Wybaczcie nam Caps Locka. Nie zaciął się nam klawisz na klawiaturze, ale tak bardzo chcieliśmy dać taki tytuł, że aż musieliśmy umieścić to w leadzie. Wszystko dlatego, że Łukasz Fabiański serio jest mistrzem przecinania wstęg. Przynajmniej tak wynika z konferencji prasowej reprezentacji Polski w Opalenicy, gdzie kadra przygotowuje się na Euro. Dziennikarze mogli bramkarza West Hamu spytać o wszystko, w końcu europejski czempionat tuż, tuż, ale nieważne były kwestie formy, samopoczucia, zbliżającego się meczu z Islandią, kiedy można było spytać o przecinanie wstęgi w ośrodku hotelu Remes w Opalenicy, w czym Fabiański uczestniczył wraz z Robertem Lewandowskim.
– Wiem, że przecinał pan wstęgę – zaczął dociekliwy dziennikarz.
– Tak – mądrze odparł Fabiański.
– Brał pan kiedyś tu wesele – zauważył czujnie reporter.
– Wesele – potwierdził błyskotliwe Fabiański.
– Może pan opisać jak wyglądało to przecięcie wstęgi? – padło w końcu sakramentalne pytanie.
– Wziąłem nożyczki i przeciąłem.
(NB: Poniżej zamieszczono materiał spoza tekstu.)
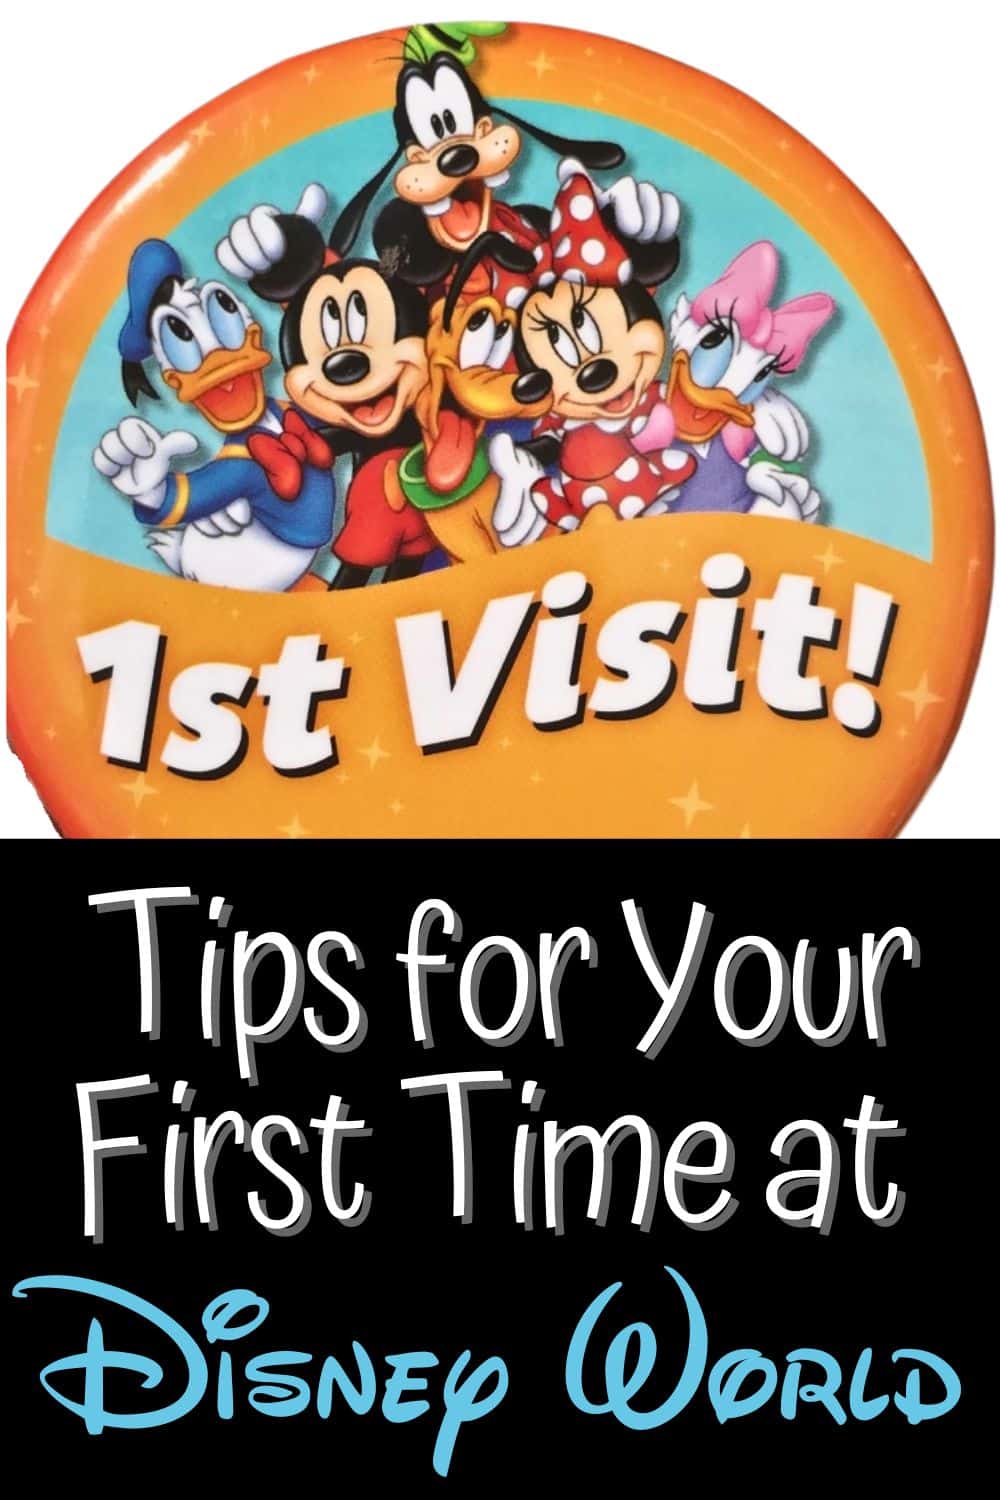 Tips for Your First Time at Disney World

I to tyle – ZDRADZIŁ Fabiański.
Po intensywnych przygotowaniach do konferencji kadry, dziennikarz Interii wypalił!🤦♂️🤦♂️🤦♂️🤣#konferencjaLIVE #Fabiański pic.twitter.com/S6nB0RYnY4
— Ramirez (@CommonSensePL) June 5, 2021
Panie i panowie, panowie i panie – wow. No – wow. Pytanie – top. Odpowiedź – top. Władze kraju – od czasów niepamiętanych – głowią się, jak to robić, jak przecinać wstęgi na tych wszystkich halach sportowych, basenach, lodowiskach, lotniskach, wybiegach dla pasów itd., a tu proszę, Fabiański załatwił sprawę w siedmiu słowach.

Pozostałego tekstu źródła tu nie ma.